The diagnosticss we have discussed are all univariate (they work perfectly when there is only 1 parameter to estimate). Other diagnostics have been derived for the multivariate case, but these are useful only when using Gibbs Samplers or other specialized versions of Metropolis-Hastings.

So most people examine univariate diagnostics for each variable, examine autocorrelation plots, acceptance rates and try to argue chain convergence based on that- unless they are using Gibbs or other specialized samplers and can apply the more specialized multivariate tests.

Posterior Predictive Checks#

Another useful check is to see if the samples from your posterior can generate data (independent variable) that looks like the data used for estimation.

This check is not useful for assessing convergence but can identify how well your posterior exploration is unfolding and examines the predictive capability of your model.

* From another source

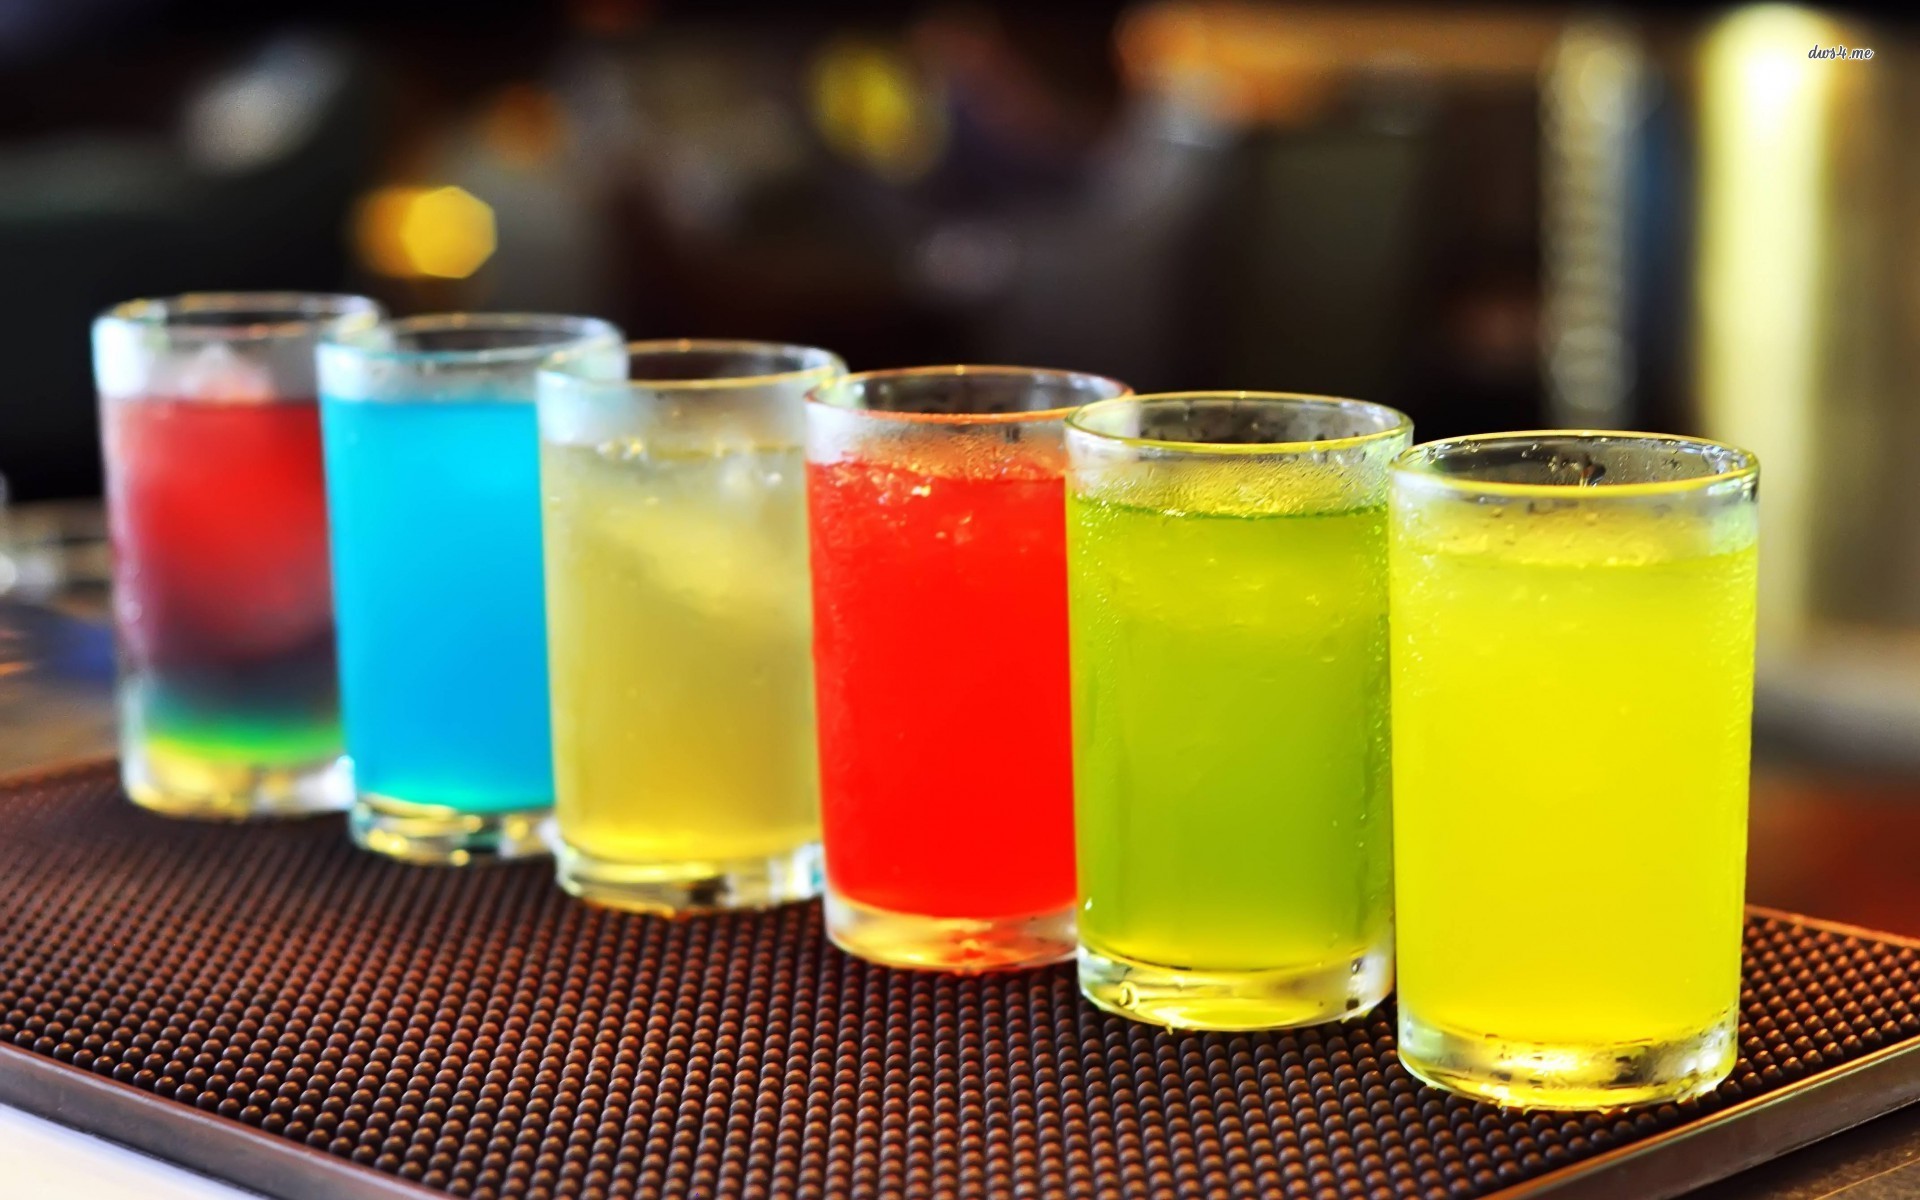 Shots. We’re not quite sure what’s in them, we don’t care, they just need to be colourful.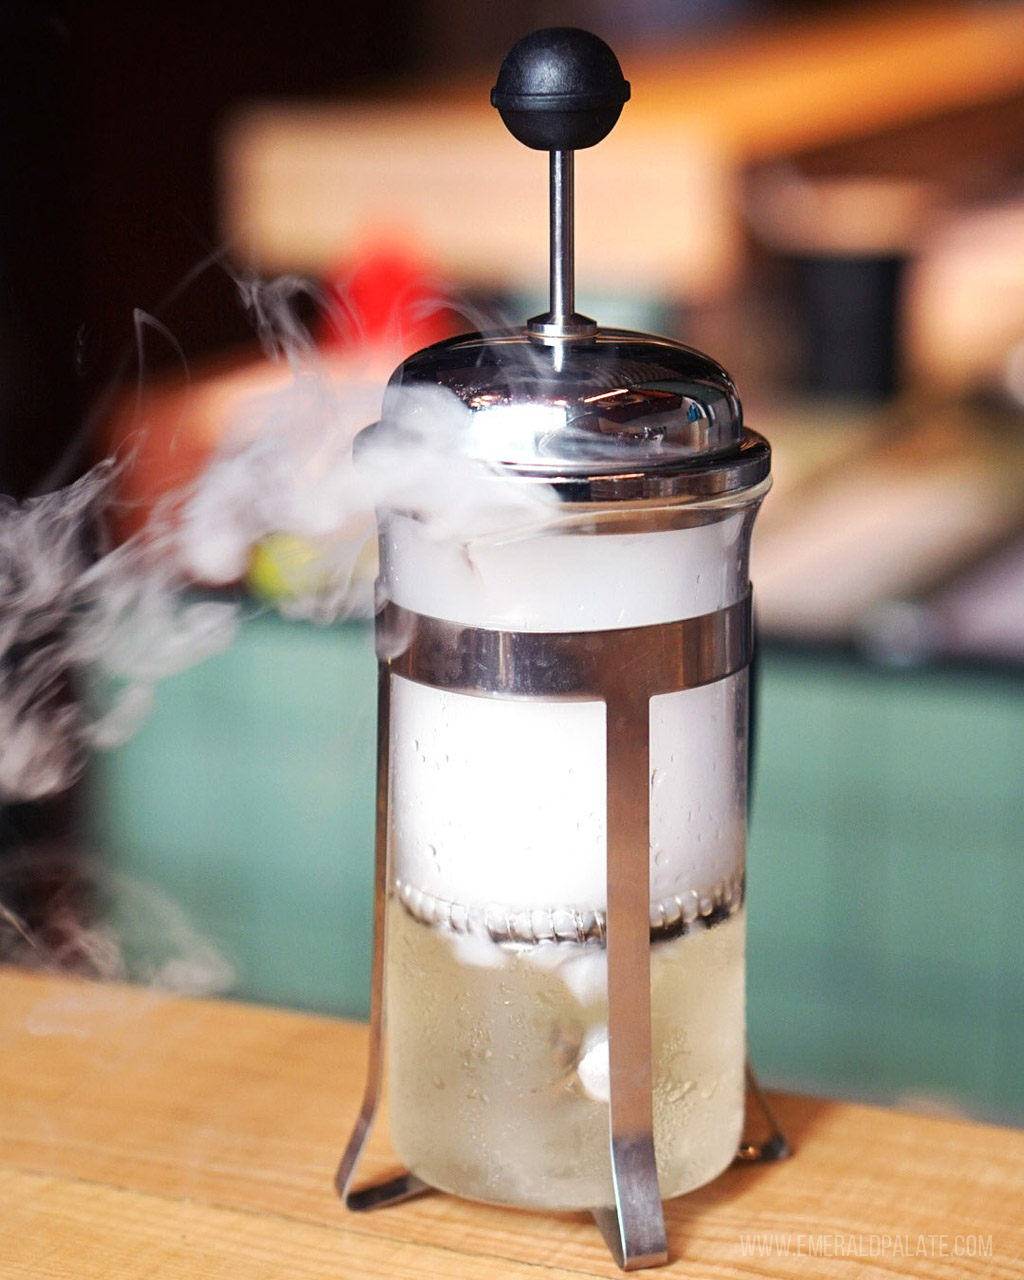 smoke coming out of a coffee French press

This is probably a more useful concept for multivariate models, than the simple model for the mean we are exploring here. Still it is useful to apply the concept manually to see how it works (since later we will use automatically generated posterior predictives.

# note, the chain has multiple samples for the mean. For each 
# sample, generate yhat for each observation

# to make this manageable only use last 100 draws
check_mu = chain[-100:]

# generate synthetic data, conditional
# on each sample
pp_mu = norm(check_mu, sigma * np.ones(check_mu.shape[0])).rvs((y.shape[0], check_mu.shape[0]))
print("Note the shape has rows equal to the number of data "+
      "values and columns equal to number of samples: ", pp_mu.shape)

Note the shape has rows equal to the number of data values and columns equal to number of samples:  (200, 100)

plt.figure(figsize=(8, 6))
plt.hist(pp_mu.flatten(), label = "Posterior Predictive", density=True)
plt.hist(y, label = "Data", density=True, alpha=.35)
plt.legend()
plt.show()

../_images/7a5c0be8a74db23c37cc50419e6f057088051a5fbb21d9a07f56a6da970ade3e.png

We can also perform checks over other statistics such as the maximum, minimum, or standard deviation of the data. We can use the posterior predictive distribution to show us how the model performs with the data it generates. Let’s examine the maximum predicted data value:

# calculate sigma (std of data) for each of the 100 samples
sigma_pp = pp_mu.max(axis=-1)
plt.figure(figsize=(8,6))
plt.title(r'Posterior Predictive of Max($\hat{y}$)')
plt.hist(sigma_pp, label='Max of PP Data')
plt.axvline(y.max(), label='Max of Data', c='k')
plt.legend()
plt.show()

../_images/a96397848b05f9bf12edc2c502d4a0ff8b2c61168ab20a647ac573e3f29872bc.png

These examples are fairly trivial for the 1 parameter estimation problem we have here. However as we move to more interesting problems, posterior predictive checks are extremely good for examining not only predictive capabilities of your model, but diagnosing problematic observations or outliers where the model is struggling to fit the data. Note that the posterior predictive distribution of data is generated for every observation:

plt.figure(figsize=(8, 6))
plt.title('Posterior Predictive Distribution for the first observation')
plt.hist(pp_mu[:,0], label = "Posterior Predictive", density=True)
plt.axvline(y[0], label = "Data", c='k')
plt.legend()
plt.show()

../_images/2166784d240f8b762caadbf6ac624115a784519c21a2e4387bdb00b01c3bfceb.png

Finally, we will see in later lectures that posterior predictives can help with diagnosing the degree to which your prior is “pulling” your posterior away from the likelihood.

Burn-in#

Another extremely important concept is called burn-in. This refers to the amount of samples necessary for the sampler to reach regions of the parameter space relavant for proper sampling from your posterior, and these samples are discarded as they can be viewed as samples that can’t provide useful information about the posterior. Nearly every problem requires some amount of burn-in. Unfortunately, the quantity of burn-in observations is unknown a priori so often researchers will run chains for a long time (overnight) collecting all samples and then using the techniques above to define a burn-in breakpoint. Fortunately, modern samplers- better than the random-walk Metropolis Hastings one we have been using- require very little burn-in.